Chevron Corporation (NYSE: CVX) stands apart from other major oil companies as pressure continues to be ratcheted by prosecutors and activist investors alike to force climate reforms — arguing that other companies’ cowering can lead to new market gains. The oil producer’s CEO also pushed back against claims that environmental activists have a “moral” cause.
Chevron CEO John Watson was quick to defend the energy industry at a Wall Street Journal breakfast meeting this week, noting that without the industry’s products and innovations, commerce itself would practically collapse.
“We are in a noble industry … Every aspect of the standard of living that we enjoy today and the standard of living that we have improved over the last 150 years is due to fossil fuels … the attempts by some to vilify our industry is really troubling,” Watson noted.
The Chevron chief also countered the popularly-presumed “morality” of climate change activists by noting that new environmental regulation costs are placed on the backs of lower income people.
“The ‘morality’ is that 50 percent of Americans live paycheck to paycheck, and to artificially increase costs on the average American, to artificially increase costs on an American business so it moves … where is that ‘morality’?”

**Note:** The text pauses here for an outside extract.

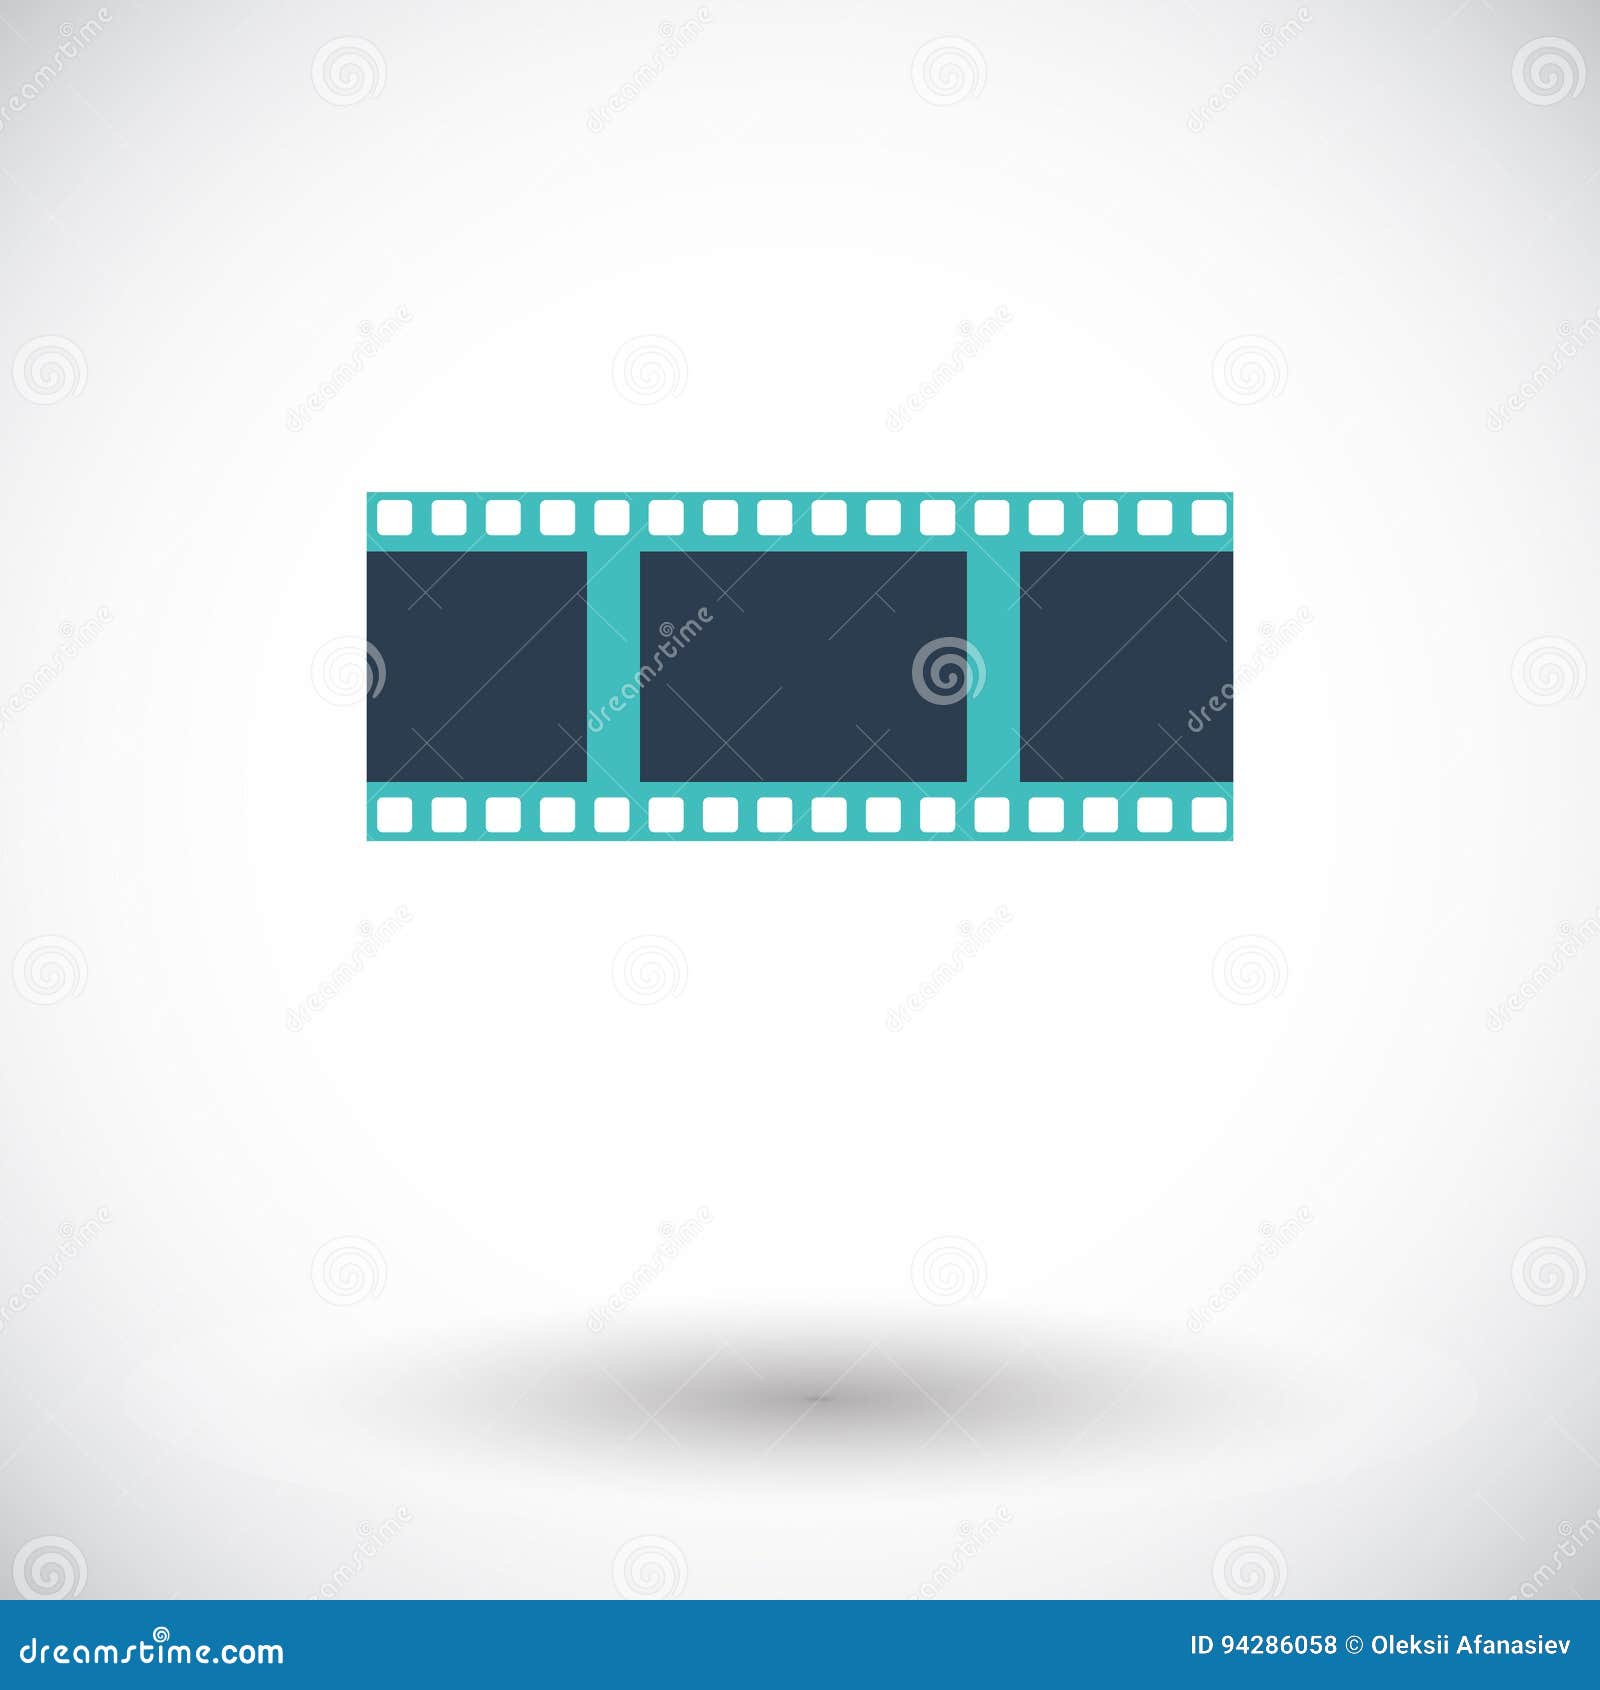 Film icon stock vector. Illustration of painting, isolated - 94286058

The Journal reports that Royal Dutch Shell, BP and ExxonMobil have each adopted some form of carbon offset scheme that eventually is passed down to the consumer.
“We believe absolutely that climate change is real. Not all oil companies do that,” Shell CEO Ben van Beurden admitted to investors.
Chevron has resisted similar measures.
Irving-based ExxonMobil continues to face down similar pressures from multiple fronts this week as investors met to vote on requiring the company to implement new climate change policies, hire a climate expert and provide more detailed reports on its fracking activities. Investors in attendance voted down all climate measures by large margins, yet an activist could still gain a board seat in the future after a proxy access measure passed, according to the Houston Chronicle.
Environmentalist responses to the defeat were predictable on Twitter Wednesday.
Instead of virtue-signaling hires and carbon offset plans, Chevron brass contends that the best method to fight climate change is to shift reliance to fossil fuels running on more advanced technologies. Watson specifically hopes that the market begins to move away from coal toward natural gas, where the company could expect to see considerable gains in market share.
The company is skeptical of multinational agreements like the one struck in December 2015 in Paris.
“You can sign agreements in Paris … But when you sign agreements and create the impression that it’s going to be implemented when no one’s identified the trillions of dollars that it’s going to cost, it’s just not clear that’s going to deliver,” Watson added to the Journal.
Chevron has also bucked trends with respect to standard business operations after recently announcing plans to triple oil production in west Texas by 2020. A previous Breitbart Texas report noted that the company will shift upstream assets from other locations to focus on the Texas and eastern New Mexico fields. Thanks to recent innovations, Chevron expects to produce 350,000 barrels daily in the Permian Basin alone.